## Your goal
All lines from the one containing "ART_IN_AMERICA_RIFKA_Page_14.jpg" through the last line of the listing should be given again exactly, with no pictures.

## Data section
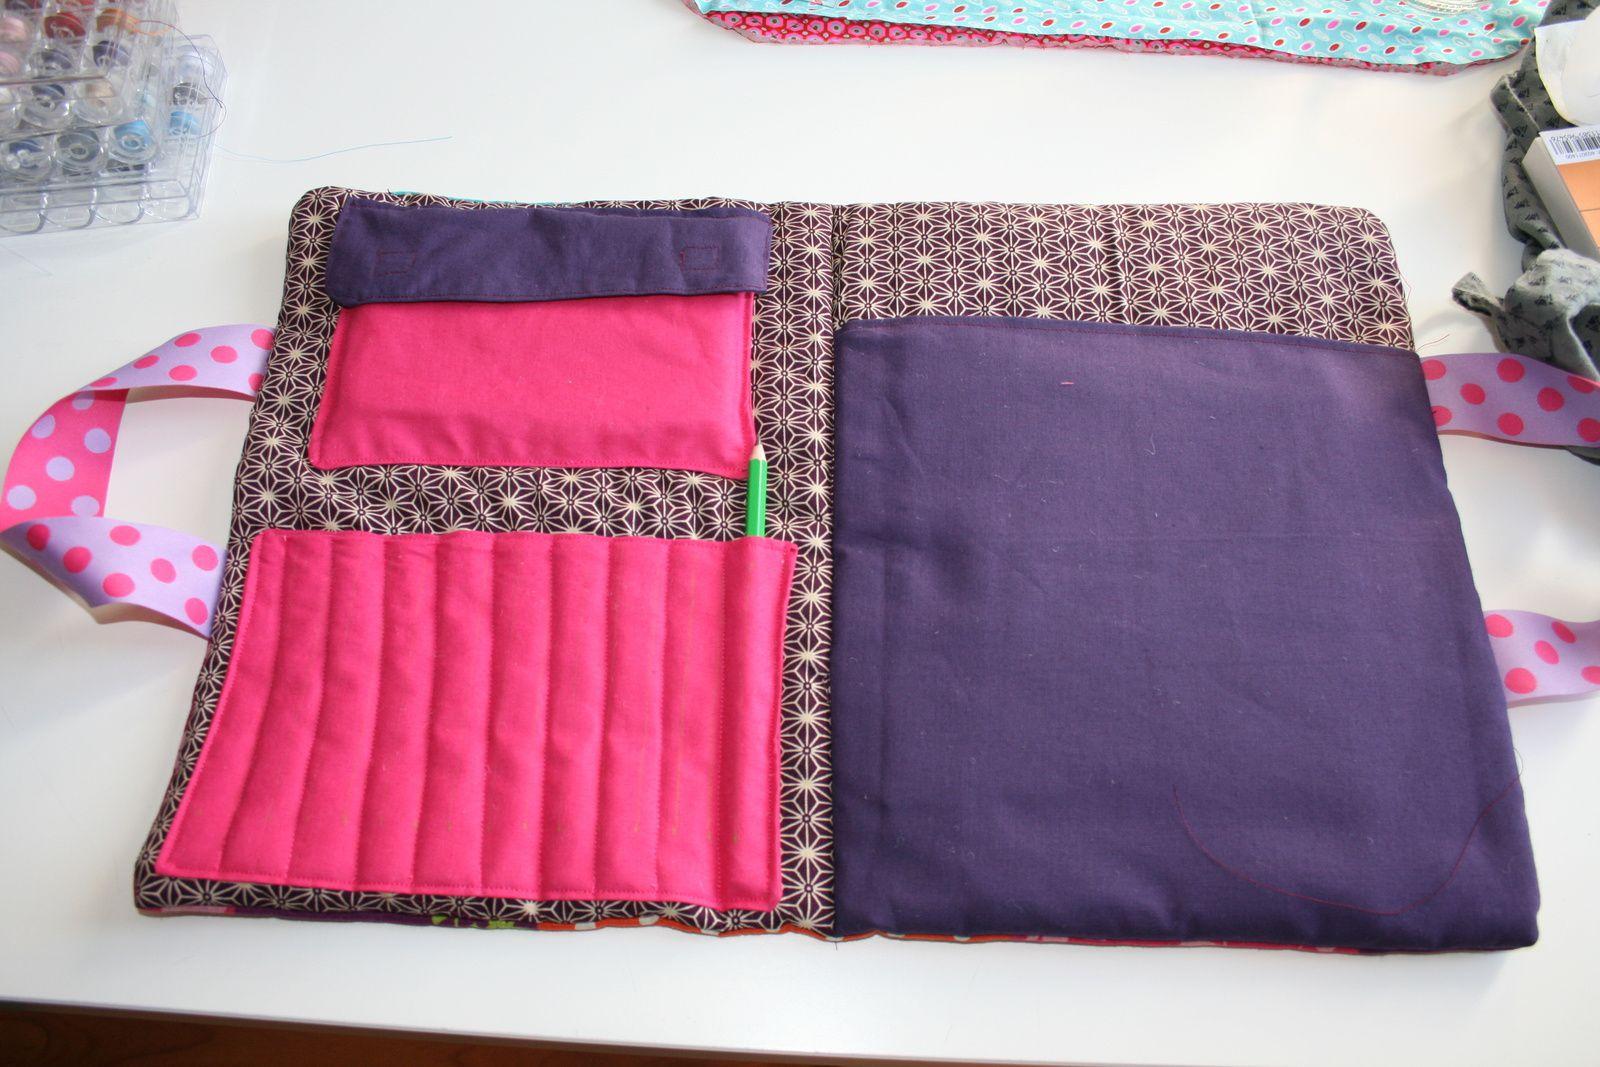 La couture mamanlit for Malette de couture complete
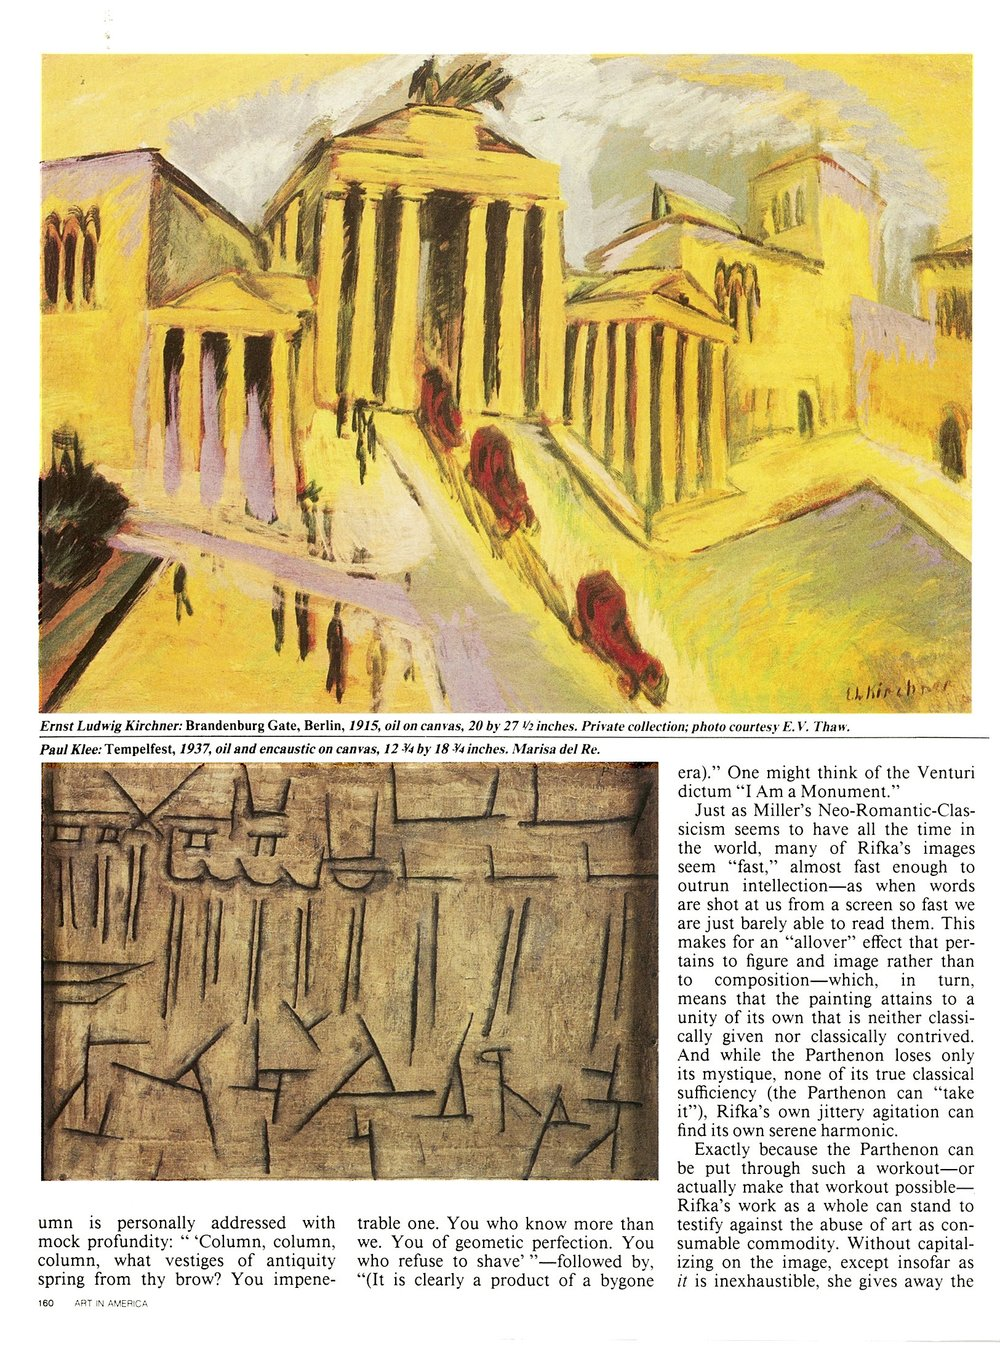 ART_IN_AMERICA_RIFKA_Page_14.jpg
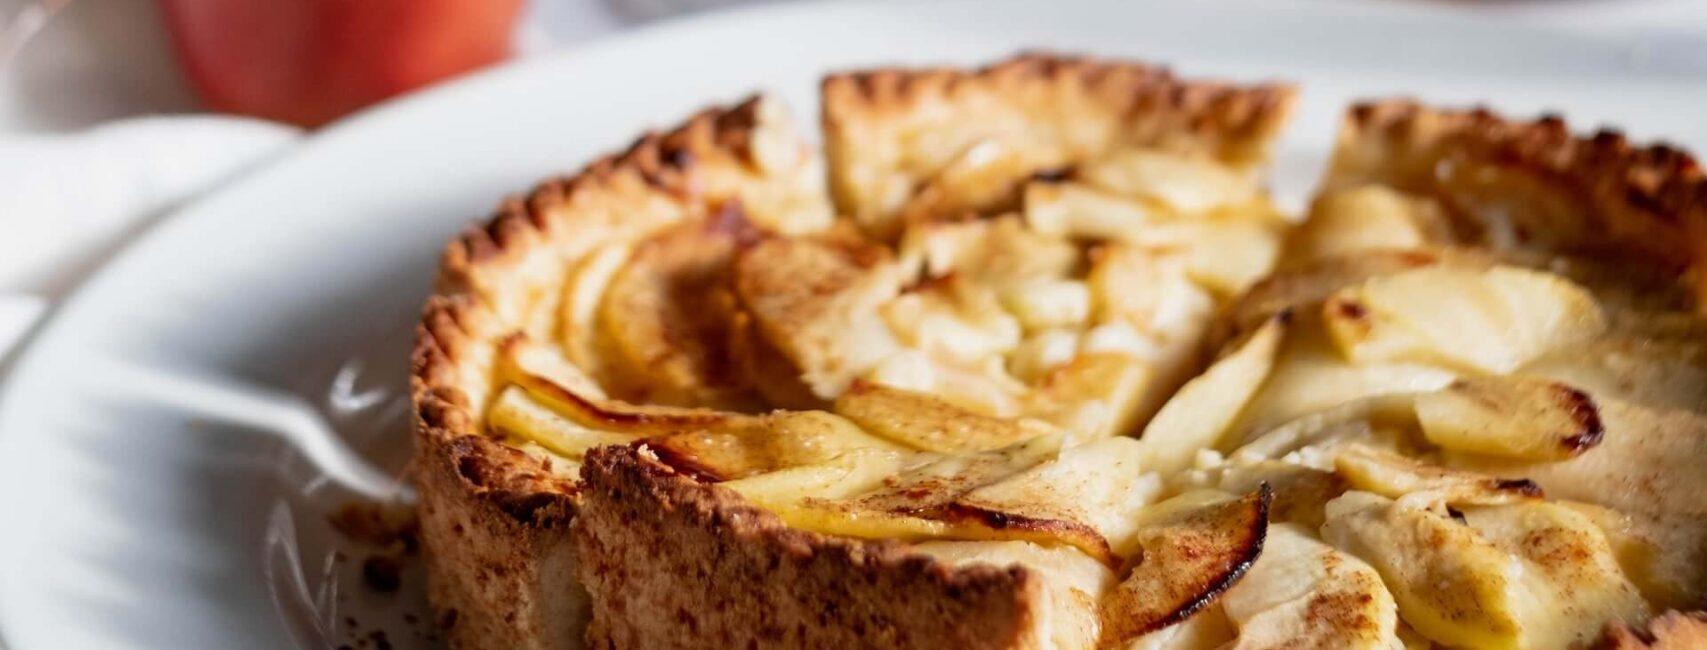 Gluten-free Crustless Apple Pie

## Solution to the problem
 ART_IN_AMERICA_RIFKA_Page_14.jpg
 Gluten-free Crustless Apple Pie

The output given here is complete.